Equador, como as fazendas de camarão estão destruindo o ecossistema dos manguezais

Alimentação

  • No Equador, os ecossistemas de mangais estão a ser destruídos para dar lugar às explorações de exportação de camarão.
  • Os danos dizem respeito à desflorestação, mas também à poluição das águas com repercussões no ambiente e na pesca das populações locais.
  • As comunidades tentam denunciar, mas sem obter resposta. E alguns resistem em tentar replantar os manguezais.

Em Equador as fazendas de camarões destinados à exportação estão substituindo manguezais destruindo a biodiversidade e dificultando a sustentação das populações locais que pescam nestas florestas, no solo lamacento que as caracteriza conchas negrasmoluscos comestíveis de sabor intenso. É o que conta uma reportagem do país publicada no Guardian com entrevistas com pescadores, ativistas, pesquisadores e ex-trabalhadores da indústria do camarão.
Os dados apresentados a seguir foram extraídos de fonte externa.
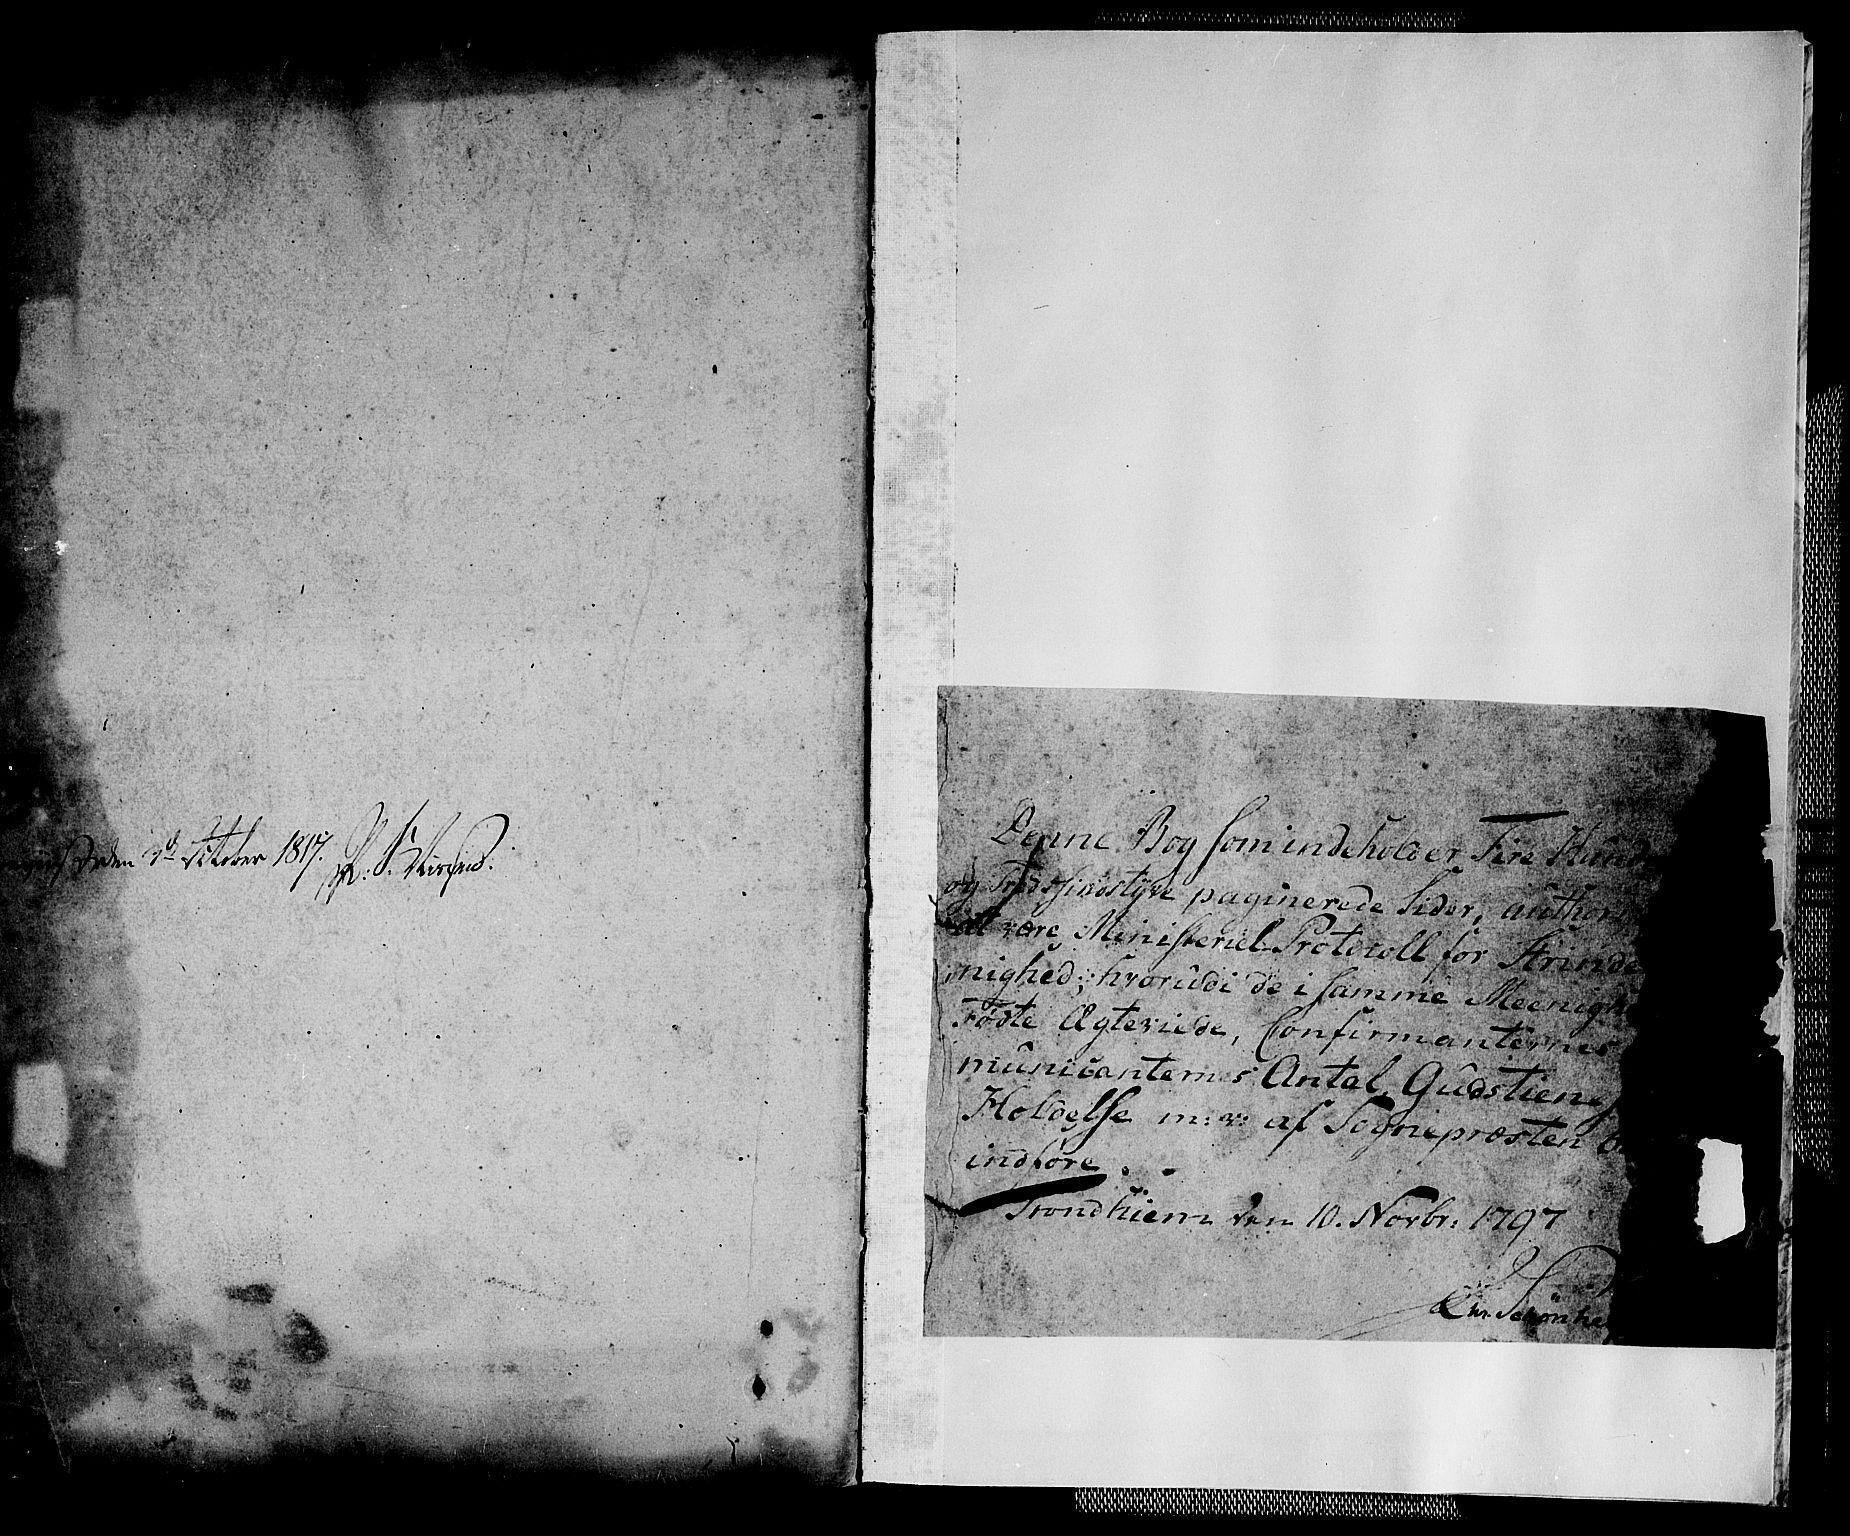 SAT, Ministerialprotokoller, klokkerbøker og fødselsregistre - Sør-Trøndelag, 604/L0181: Ministerialbok nr. 604A02, 1798-1817

Os números do desmatamento de manguezais no Equador

Na última década, a produção de camarão no Equador foi quase quadruplicouultrapassando o petróleo como principal produto de exportação do país. Quase toda a produção é destinada a China, Estados Unidos e Europacom as exportações aumentando cinco vezes após a eliminação das tarifas. A produção empurrou a pecuária para áreas já devastadas pelo desmatamento. Entre 1969 e 1999, Equador perdeu até 43 por cento de seus manguezais e as fazendas de camarão agora cobrem cerca de uma vez e meia a área dos manguezais restantes.

A desflorestação de mangais está actualmente proibida e a indústria afirma que a conversão caiu para quase zero, apesar do aumento da produção. Mas os residentes e os cientistas dizem, no entanto, que a destruição dos ecossistemas dos mangais não parou, na verdade, continua com o pretexto de podar manguezais, cavar um canal, construir ou reparar aterros.
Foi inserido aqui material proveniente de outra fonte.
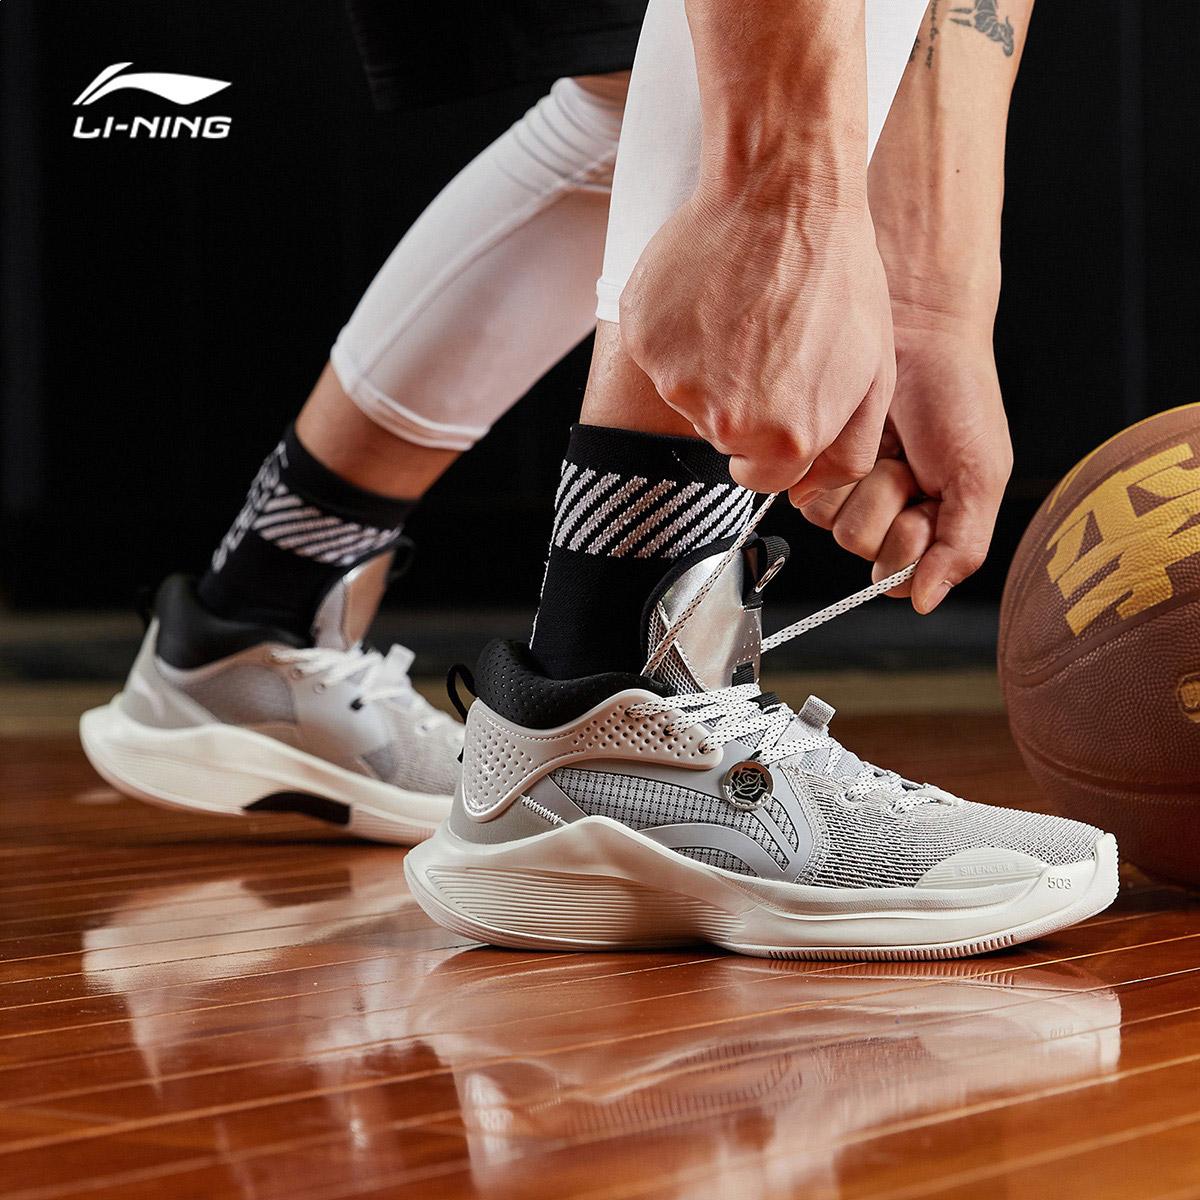 李宁篮球鞋男鞋2021秋季新款CJ迈克勒姆实战球鞋低帮透气运动鞋

Dados da Trase, uma iniciativa global sem fins lucrativos para a transparência da cadeia de abastecimento, mostram que entre 2014 e 2018 427 hectares de manguezais foram convertidos em fazendas de camarãoprincipalmente na província de Guayas, principal centro de carcinicultura do país. Outro estudo, baseado em imagens de sensoriamento remoto, registrou o desaparecimento de 2.900 hectares nos quatro anos seguintes, quase metade dentro de áreas protegidas. Em janeiro de 2024, uma operação da Marinha teria identificado uma área desmatada de 10 hectares em Manglares Don Goyo, na parte interna do Golfo de Guayaquil, uma zona úmida de importância internacional sob a Convenção de Ramsar.

Desmatamento e muito mais: todos os danos das fazendas de camarão aos manguezais

Os danos vão além do desmatamento. Os canais e margens das fazendas de camarão interrompem o correntes de maré que mantêm o solo do mangue úmido e oxigenado. A lama pode assim secar e endurecera salinidade pode variar e o árvores podem morrer lentamente. Além disso, fazendas de camarão eles também descarregam água em estuários causando poluição e morte de peixes e caranguejos.

Embora a lei equatoriana proíba o despejo de resíduos não tratados, que podem conter matéria orgânica e nutrientes provenientes de rações, fezes e fertilizantes, um estudo de 2023 descobriu que os sistemas de mangais em torno das explorações de camarão em Esmeraldas tinham concentrações de amónio e fósforo cerca de duas vezes e meia superiores às da água normal dos mangais. Uma avaliação da Seafood Watch estimou que mais de metade dos resíduos agrícolas são despejados no ambiente.

A resistência das comunidades locais onde a restauração dos manguezais é um gesto de esperança

Atualmente não há vontade política para controlar ou mitigar estritamente estes impactos porque a indústria do camarão é economicamente importante para o Equador; aqueles que denunciam não são ouvidos ou até correm o risco de extorsão. Existem alguns projetos de restauração dos mangais financiados pela indústria, mas o risco é que estas sejam principalmente operações de lavagem verde.

Alguém comunidades locais em vez disso, eles começaram uma espécie de resistência: Os moradores plantaram manguezais em uma área que já foi usada para a colheita de marisco; algumas mudas foram arrastadas pelas ondas ou comidas por caracóis, enquanto outras criaram raízes; onde as árvores sobreviveram, a lama começou a amolecer novamente e um dia, talvez, as conchas negras selvagens reaparecerão.